Oculomotor nerve palsy

Oculomotor nerve palsy
Classification and external resources

Eye nerves diagram
ICD-10 H49.0
ICD-9 378.52
DiseasesDB 2861
eMedicine oph/183
MeSH D015840

Oculomotor nerve palsy is an eye condition resulting from damage to the third cranial nerve or a branch thereof. As the name suggests, the oculomotor nerve supplies the majority of the muscles controlling eye movements. Thus, damage to this nerve will result in the affected individual being unable to move their eye normally. In addition, the nerve also supplies the upper eyelid muscle (Levator palpebrae superioris) and the muscles responsible for pupil constriction (sphincter pupillae) . The limitations of eye movements resulting from the condition are generally so severe that the affected individual is unable to maintain normal alignment of their eyes when looking straight ahead, leading to strabismus and, as a consequence, double vision (diplopia).

It is also known as "Oculomotor neuropathy".[1]

Contents

Eye Position

A complete Oculomotor nerve palsy will result in a characteristic down and out position in the affected eye.
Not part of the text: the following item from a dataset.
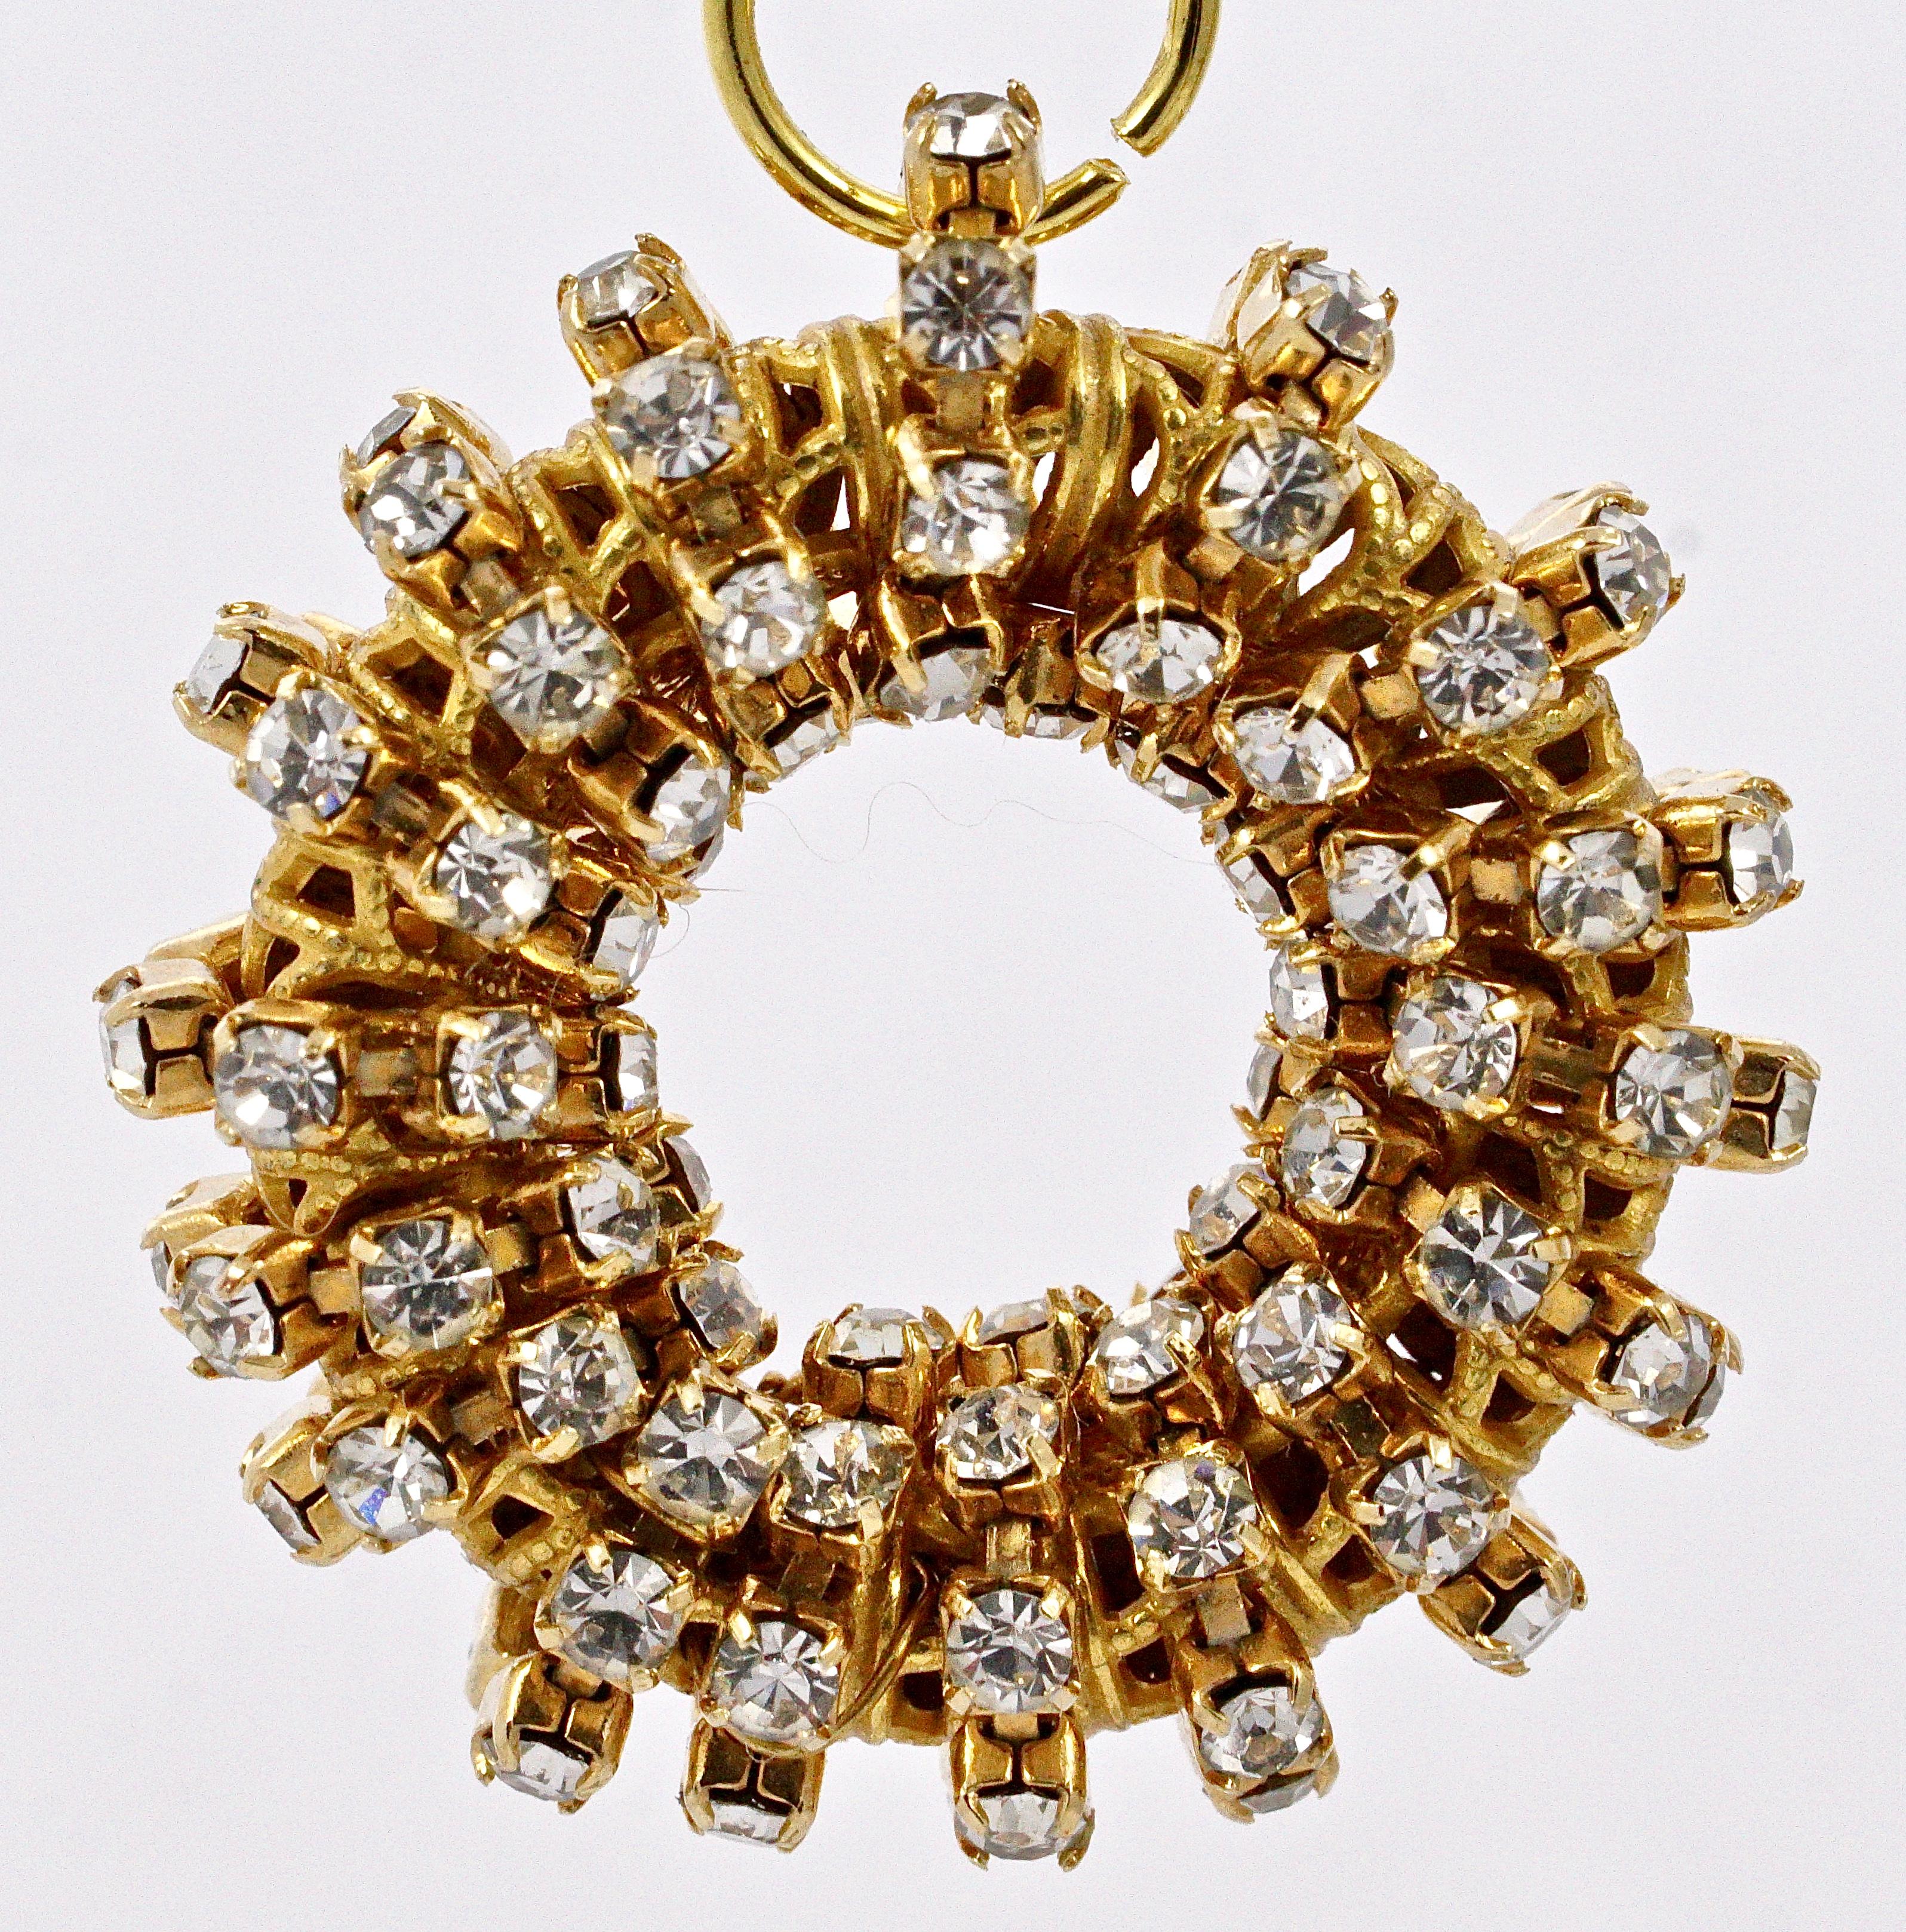 
Boucles d'oreilles à clip Miriam Haskell en ton or avec un anneau doré avec des rangées de strass clairs en relief, suspendues à un grand strass facetté serti, elles sont reliées par un anneau de saut (qui n'est pas d'origine). Longueur 5cm / 1.97

The eye will be displaced downward, because the superior oblique (innervated by the fourth cranial or trochlear nerve), is unantagonized by the paralyzed superior rectus and inferior oblique and displaced outward, because the lateral rectus (innervated by the sixth or abducens cranial nerve) is unantagonized by the paralyzed medial rectus. The affected individual will also have a ptosis, or drooping of the eyelid, and pupil dilation.
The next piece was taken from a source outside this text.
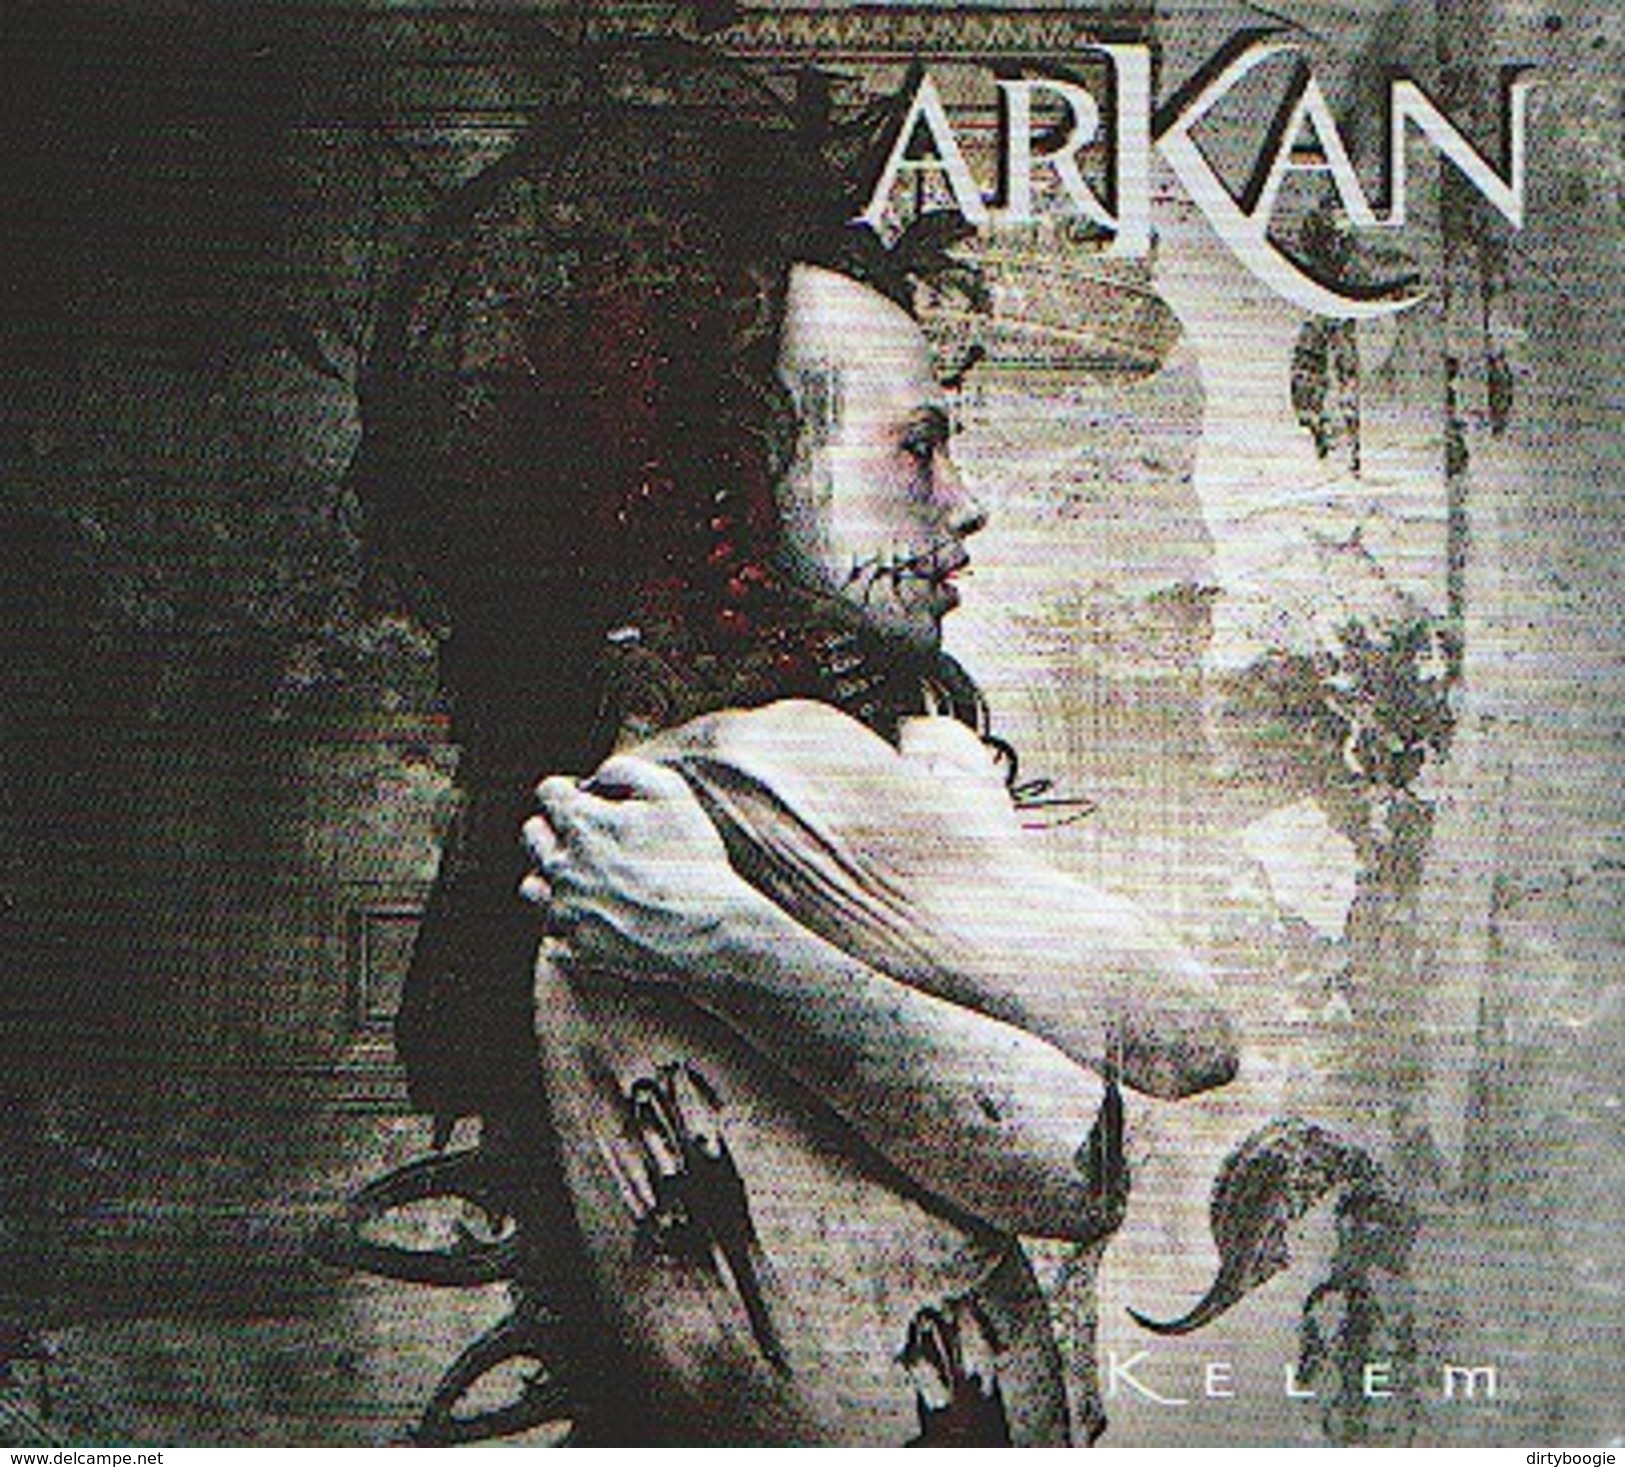 ARKAN - Kelem - CD - METAL ORIENTAL - Hard Rock En Metal

It should be borne in mind, however, that the branched structure of the oculomotor nerve means that damage sustained at different points along its pathway, or damage caused in different ways (compression versus loss of blood supply, for example), will result in different muscle groups or, indeed, different individual muscles being affected, thus producing different presentation patterns.

Cause

Oculomotor palsy can arise as a result of a number of different conditions.
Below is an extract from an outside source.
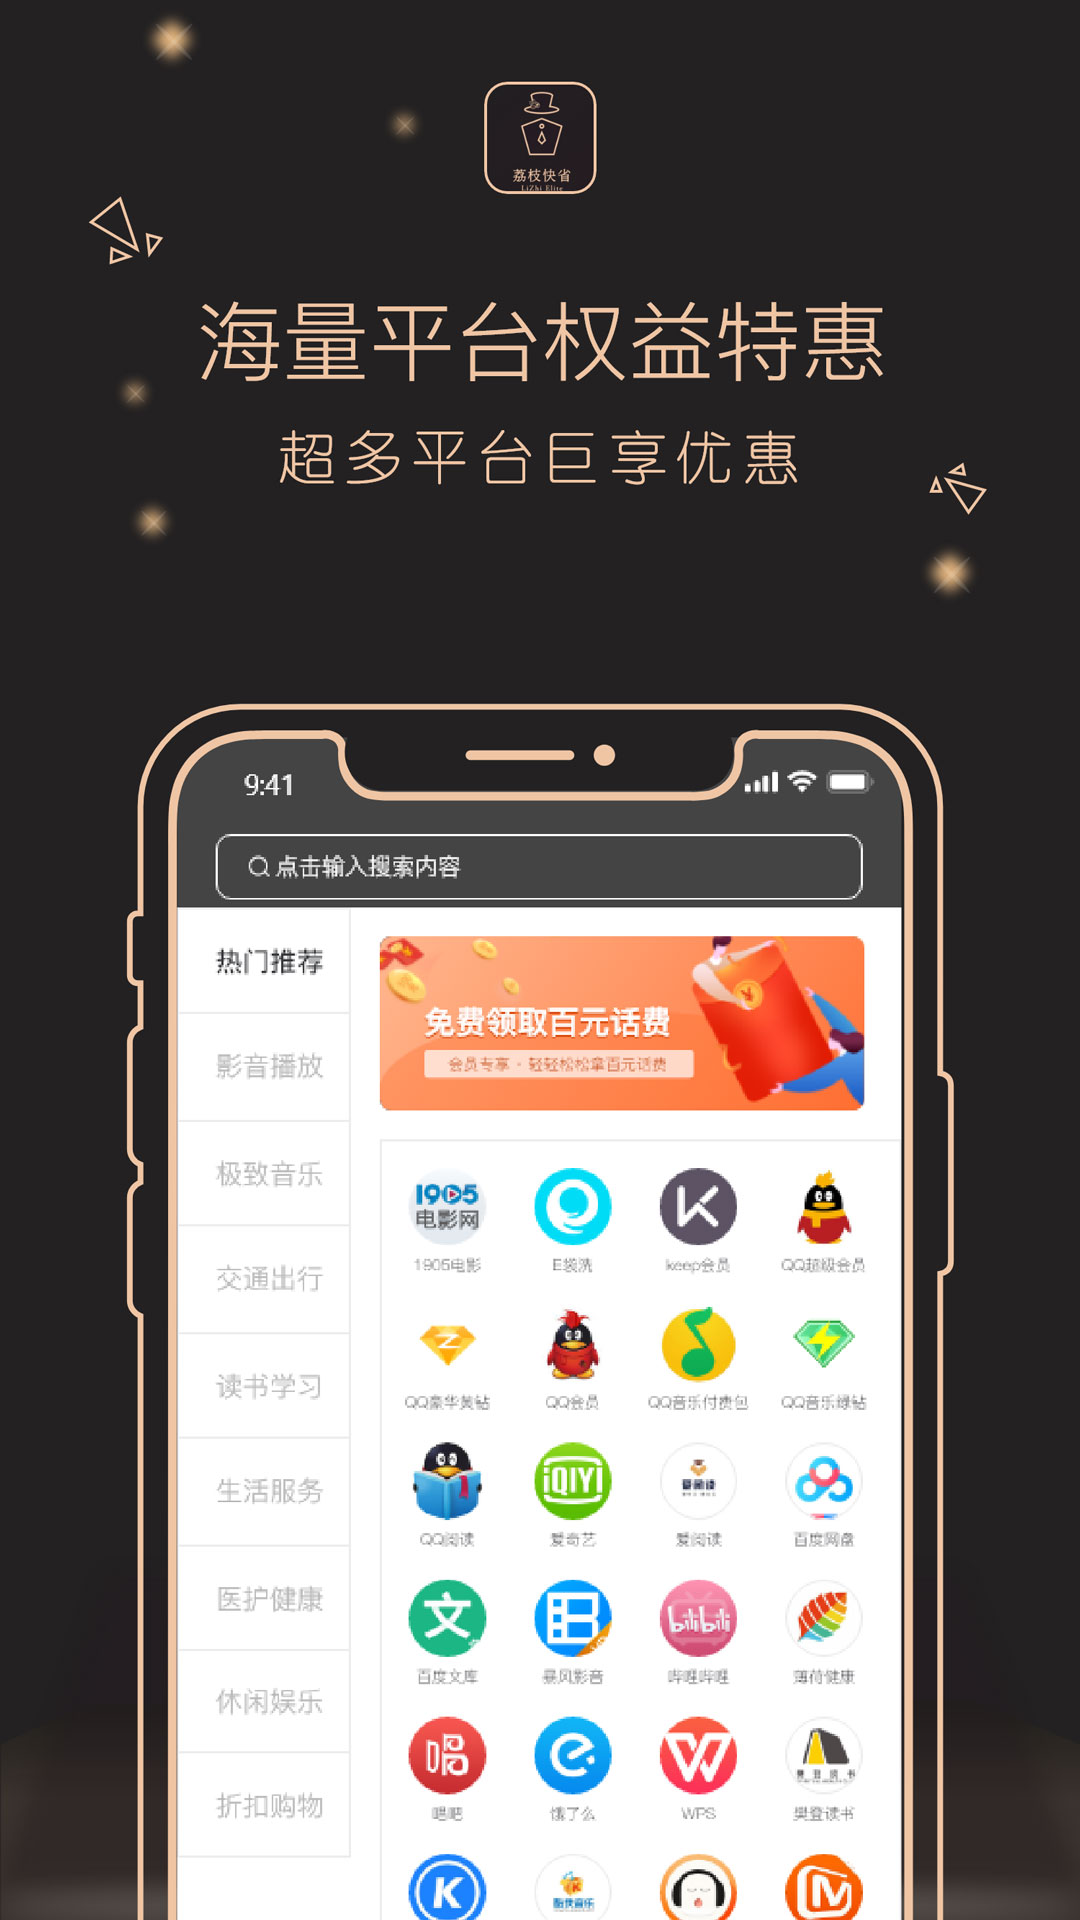 荔枝新闻下载手机版荔枝网广东电视台app下载

Congenital Oculomotor Palsy

The origins of the vast majority of congenital oculomotor palsies are unknown, or idiopathic to use the medical term. There is some evidence of a familial tendency to the condition, particularly to a partial palsy involving the superior division of the nerve with an autosomal recessive inheritance. The condition can also result from aplasia or hypoplasia of one or more of the muscles supplied by the oculomotor nerve. It can also occur as a consequence of severe birth trauma.

Acquired oculomotor palsy

Ischemic insult selectively affects somatic fibers over parasympathetic fibers, while traumatic insult affects both types more equally. Therefore, while almost all forms cause ptosis and impaired movement of the eye, pupillary abnormalities are more commonly associated with trauma than with ischemia.